• PROBLEM TO SOLVE: Lines before the one containing "Blusa simple con" are not wanted; restate the rest below word for word, through the last line, but drop any pictures.

Content starts

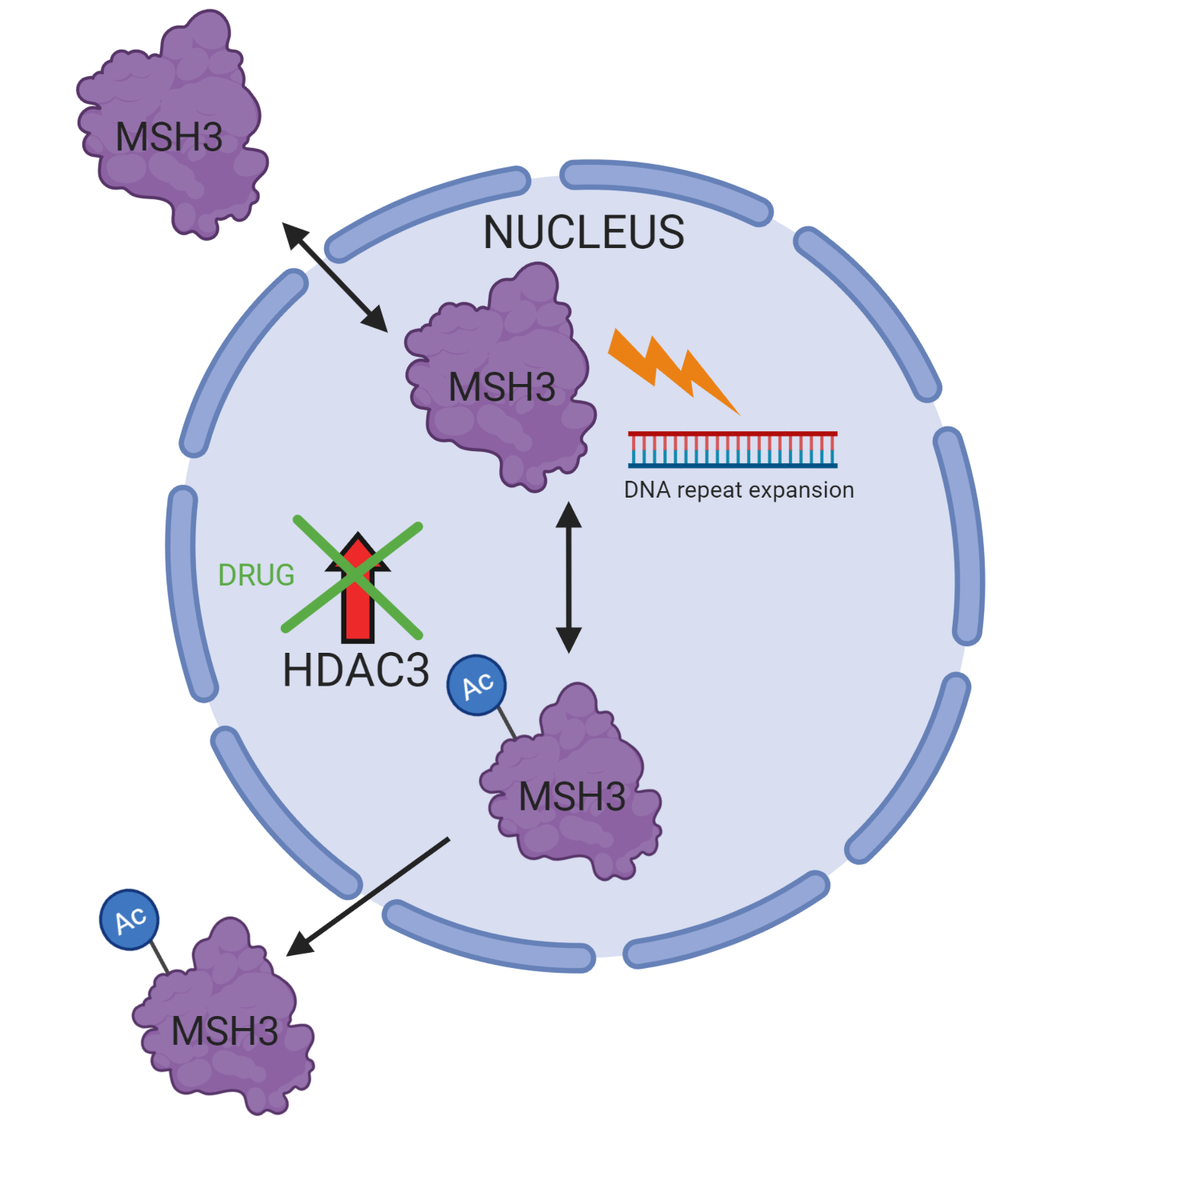 Wie reduziert das Medikament die DNA-Verlängerung? Wenn eine Acetyl-Gruppe (AC) zum MSH3-Eiweiß hinzugefügt wird, bewegt es sich aus dem Nukleus heraus, wo es an die CAG-Repeats herankommen würde. So kann es keine weitere Verlängerung verursachen. Das Enzym HDAC3 entfernt die Acetyl-Gruppe, das Reparatureiweiß MSH3 bleibt also am Ort und führt zu mehr Wiederholungen. Eine Behandlung von HDAC3 bewirkt, dass es nicht länger die Acetyl-Gruppe entfernen kann. Das MSH3-Protein wird dadurch außerhalb des Nukleus festgehalten. (Schematische Zeichnung mit BioRender)   
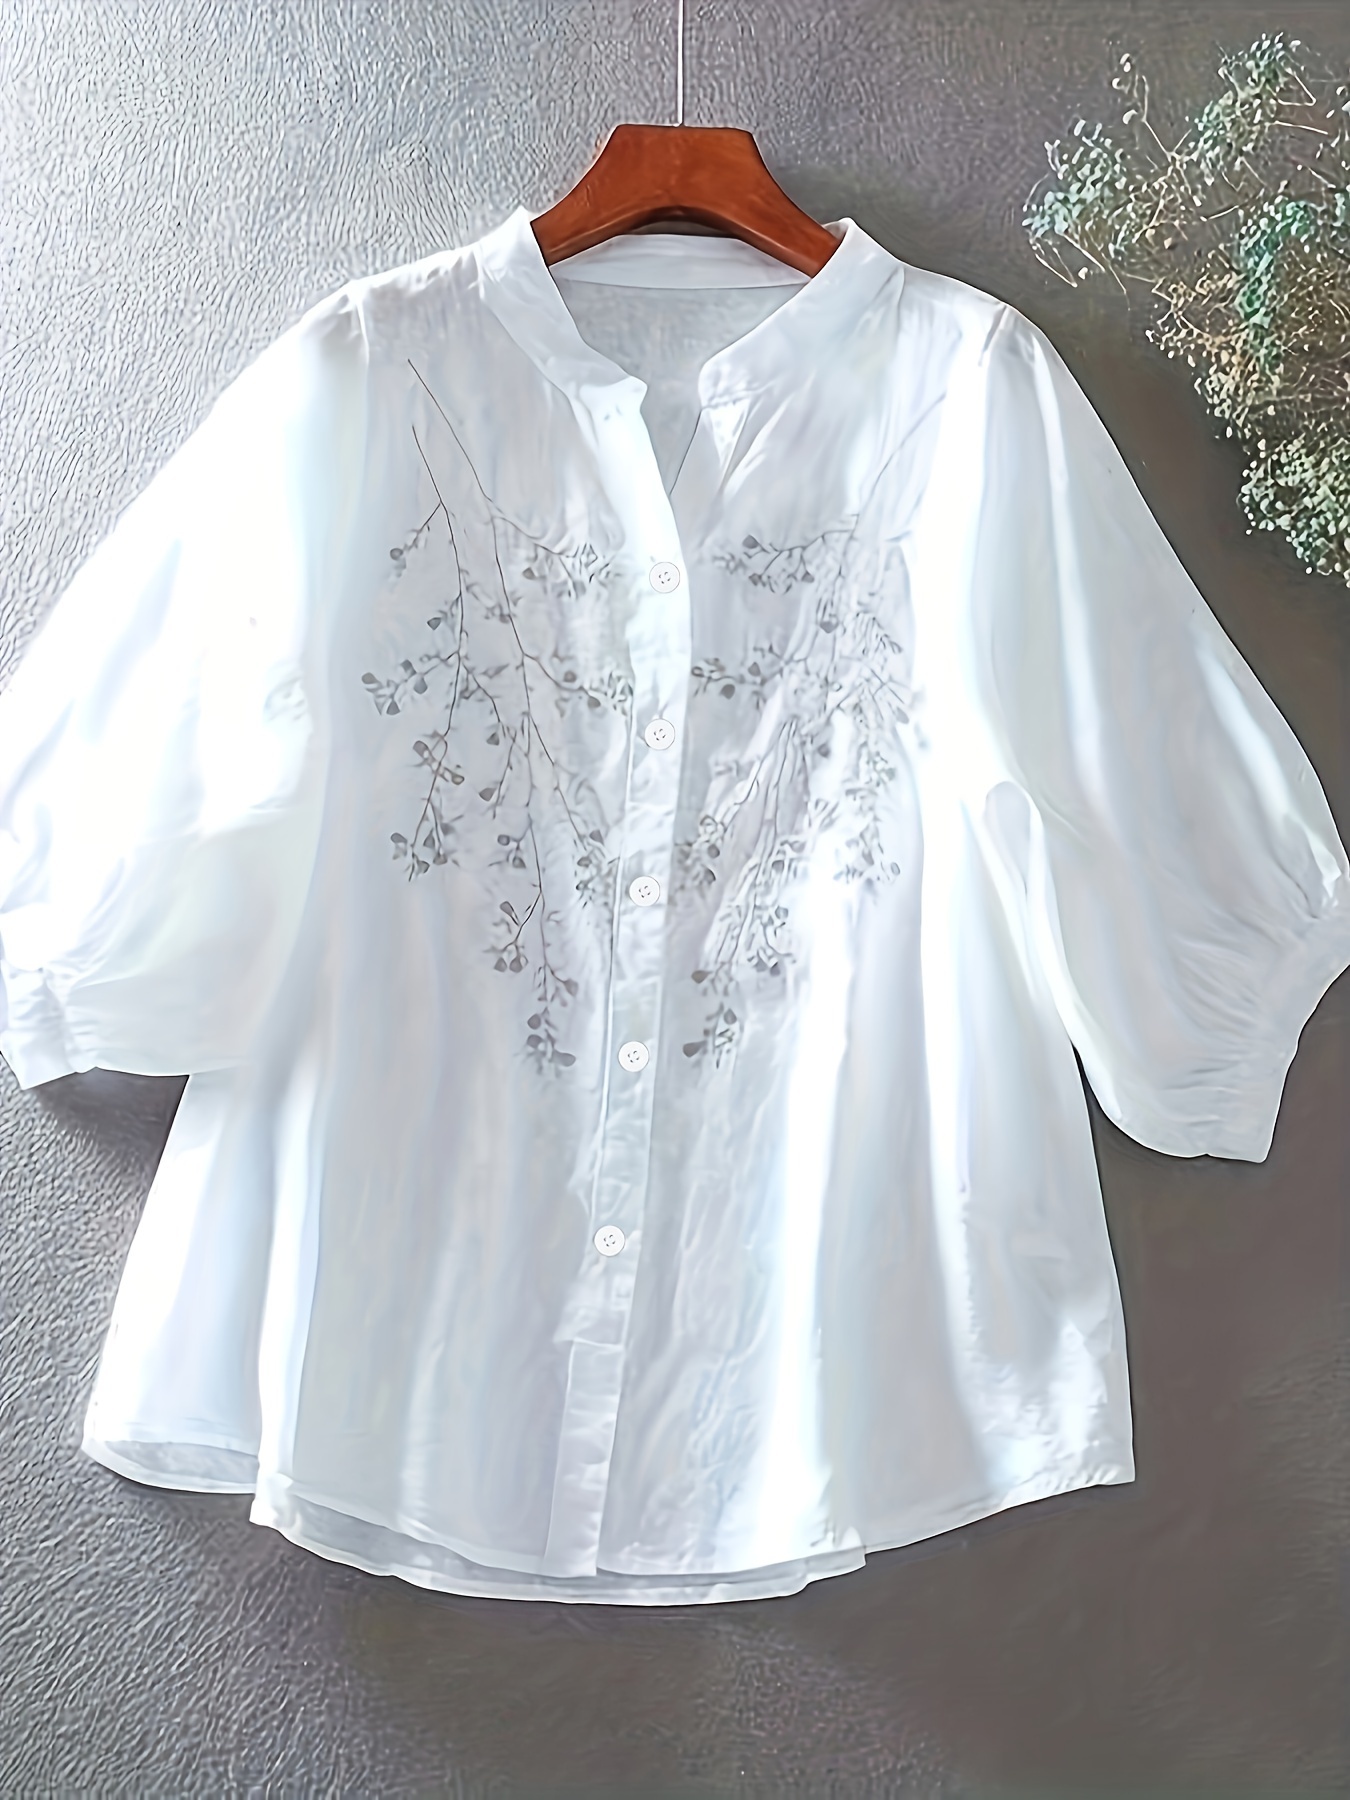 Blusa simple con estampado floral, blusa elegante con cuello levantado y botones delanteros, ropa de mujer
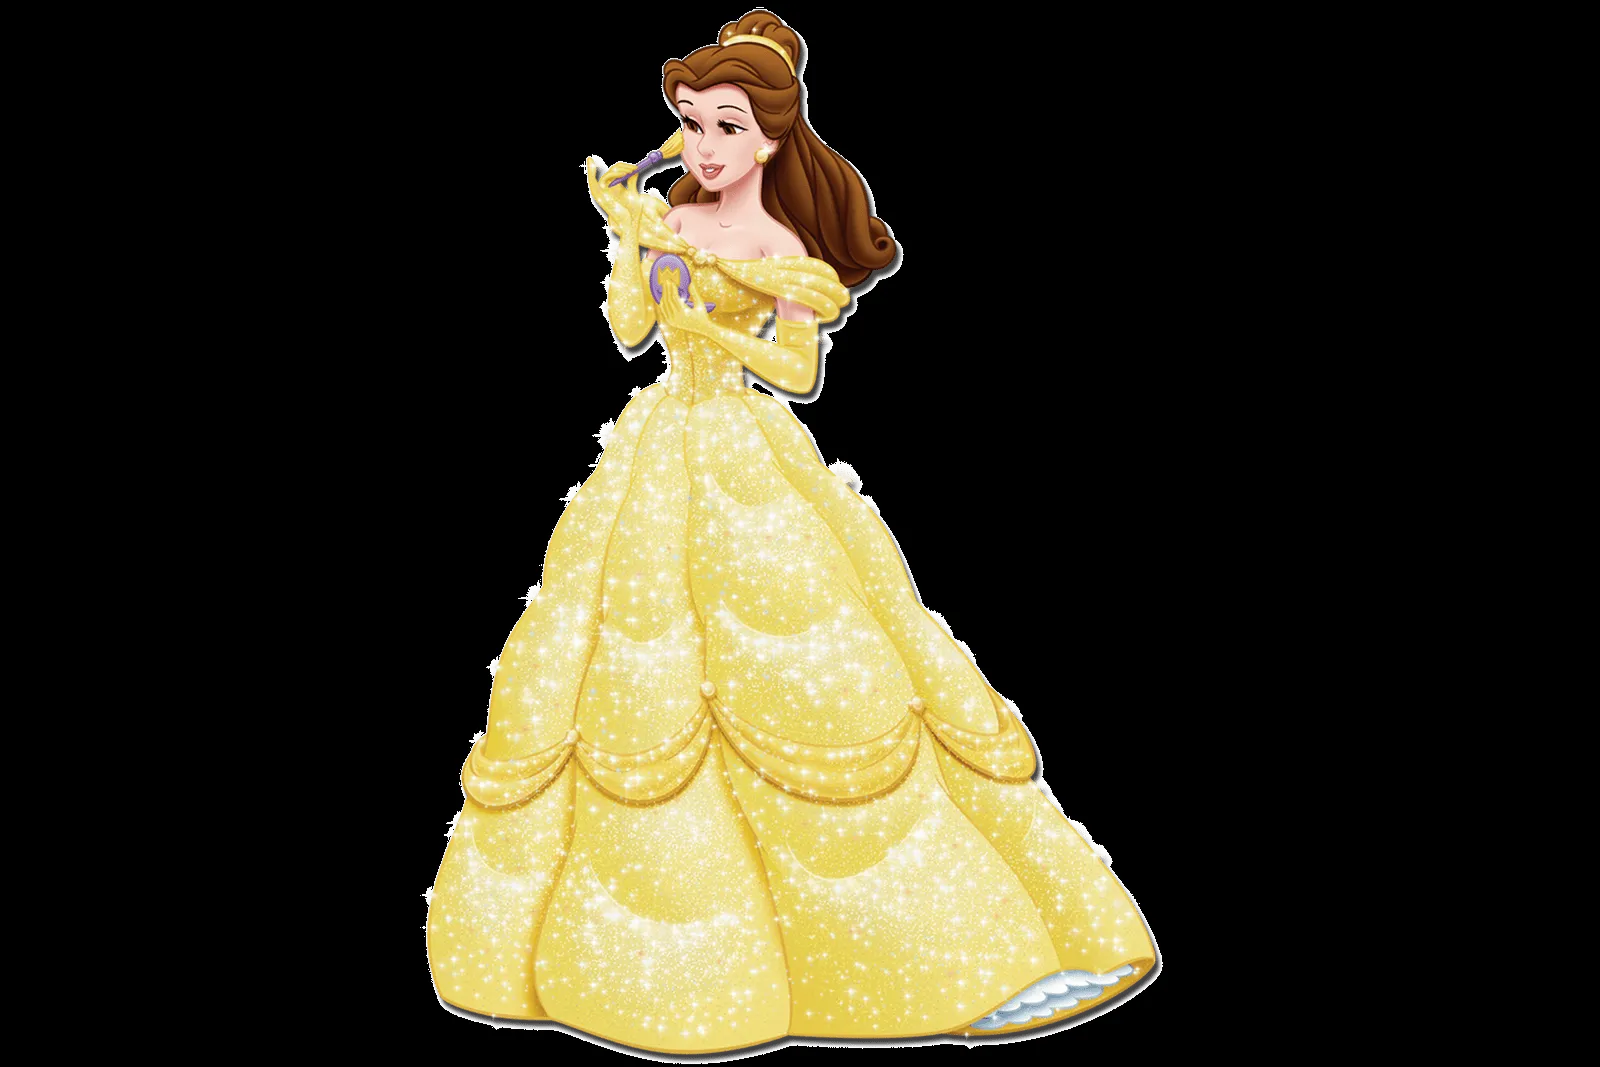 Princesa bella Disney png - Imagui
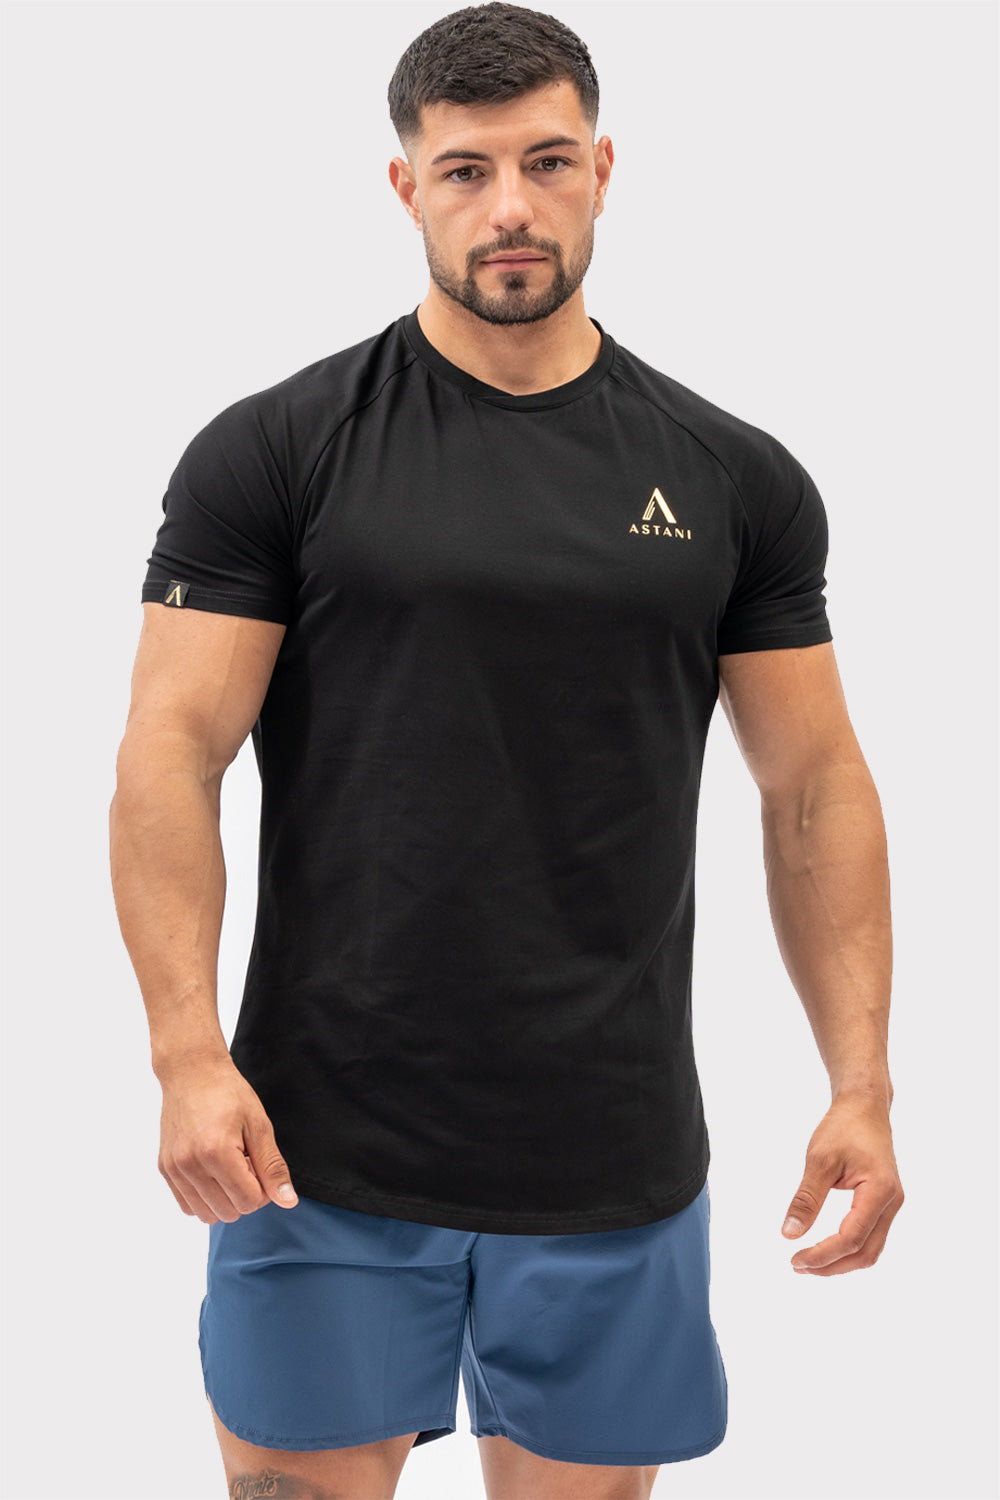 A CODE T-Shirt - Sort
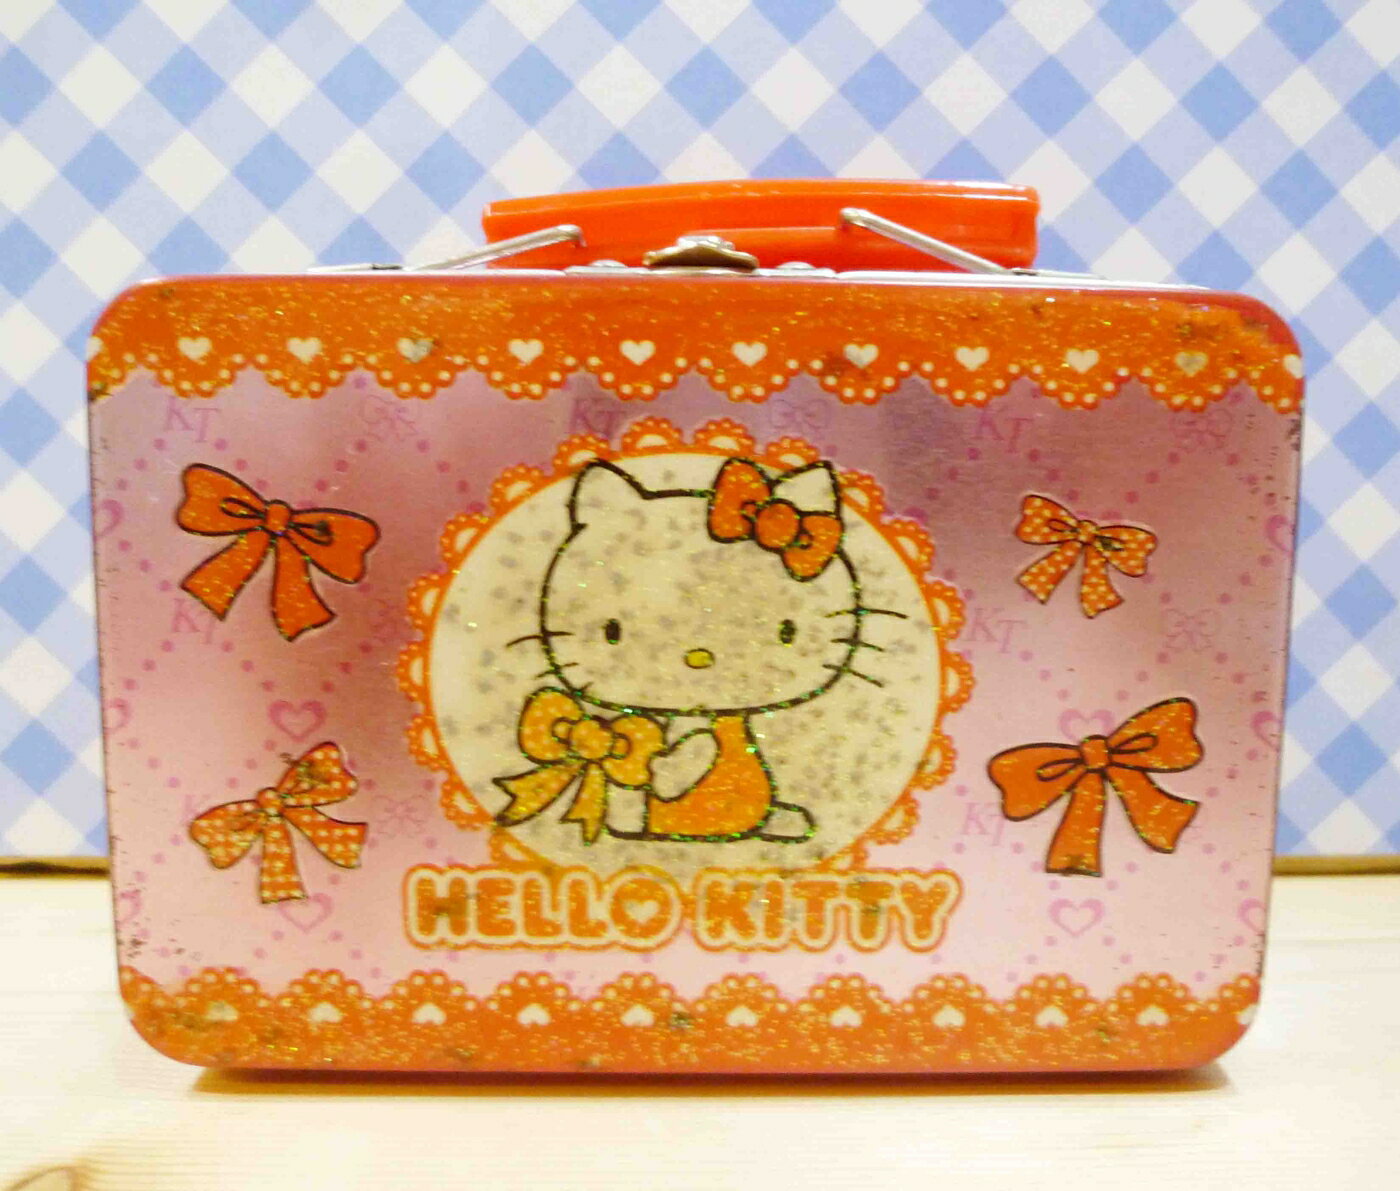 【震撼精品百貨】Hello Kitty 凱蒂貓 HELO KITTY鐵盒-手提鐵盒-粉蝴蝶結 震撼日式精品百貨

Content ends

• COMPLETED TASK:
 Blusa simple con estampado floral, blusa elegante con cuello levantado y botones delanteros, ropa de mujer
 Princesa bella Disney png - Imagui
 A CODE T-Shirt - Sort
 【震撼精品百貨】Hello Kitty 凱蒂貓 HELO KITTY鐵盒-手提鐵盒-粉蝴蝶結 震撼日式精品百貨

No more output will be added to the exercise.